The attention span myth
Marketers often lament that attention spans are shrinking. The Creative Dividend suggests otherwise. Human attention has not collapsed; what has changed is ad load. A decade ago, people saw about 600 ads a day. Now it is closer to 1,200. The result is not shorter attention, but divided attention. People still have the capacity to engage deeply, but they have more messages competing for it.
This has practical consequences. Strategies that rely on end-frame reveals are no longer viable. With fragmented viewing, branding must happen early and often. Entertaining content will still hold attention, but bland or overly rational work will simply be skipped.
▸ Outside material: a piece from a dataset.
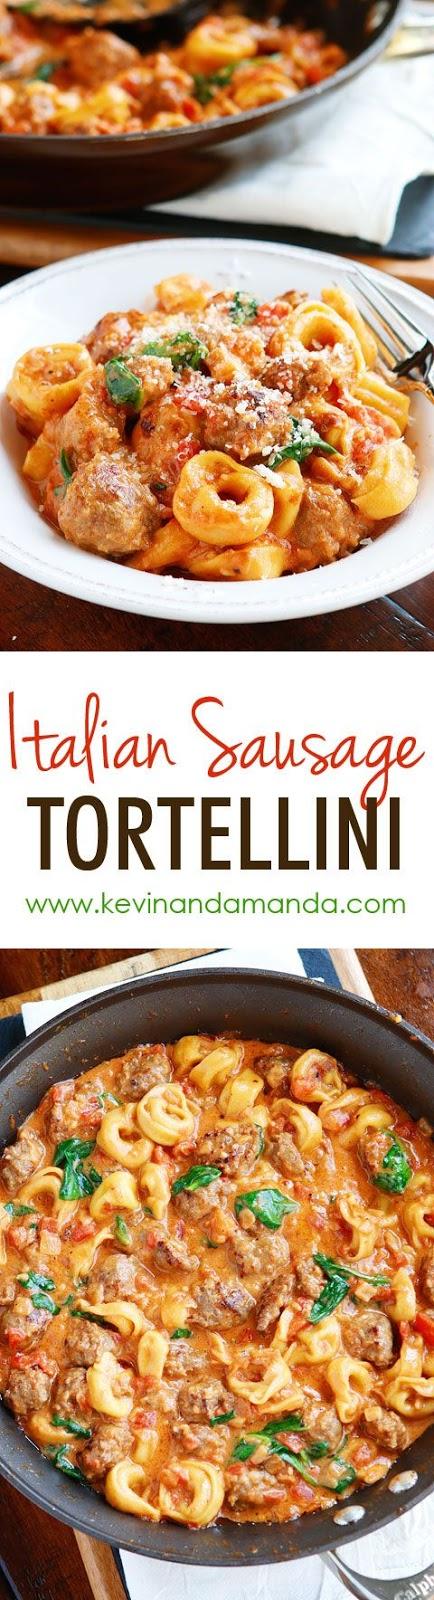 ITALIAN SAUSAGE TORTELLINI

The digital trap: short-termism and its costs
Perhaps the most sobering part of the Creative Dividend is its analysis of short-termism. Digital media have made advertising measurable in real time. This has encouraged marketers to optimise for immediate indicators. But the data show that the more a case study emphasises short-term metrics, the less likely it is to report profit.
The industry has confused what is easy to measure with what is meaningful. Clicks, conversions and impressions may comfort managers, but they rarely shift market share. By contrast, the brand effects that build penetration and loyalty are harder to track daily, but far more valuable over years.
The Creative Dividend checklist
System1 and Effie distilled their findings into a practical checklist:
Start with diagnosis: use tools to understand memory structures.
Commit to emotion: aim for entertainment, not explanation.
Codify with discipline: use logo plus three brand codes, shown at least seven times.
Run broad and long: maintain campaigns for at least three years.
Choose super touchpoints: TV, radio, outdoor, PR, direct mail.
Report business outcomes: focus on profit, revenue, penetration, loyalty.
Build creative confidence: train teams in market orientation, not dashboards.
The broader lesson
The Creative Dividend is not a revolutionary theory but a return to fundamentals, supported by unusually robust evidence. It shows that despite technological change, the rules of effective advertising remain remarkably consistent. Emotion drives effectiveness, branding ensures attribution, and consistency compounds returns.
The real problem facing the industry is not that consumers dislike ads, but that too many ads are not worth liking. The fix is straightforward: entertain, brand clearly, and hold campaigns long enough to let memory do its work. In this light, creativity is not the risky option. It is the only safe one.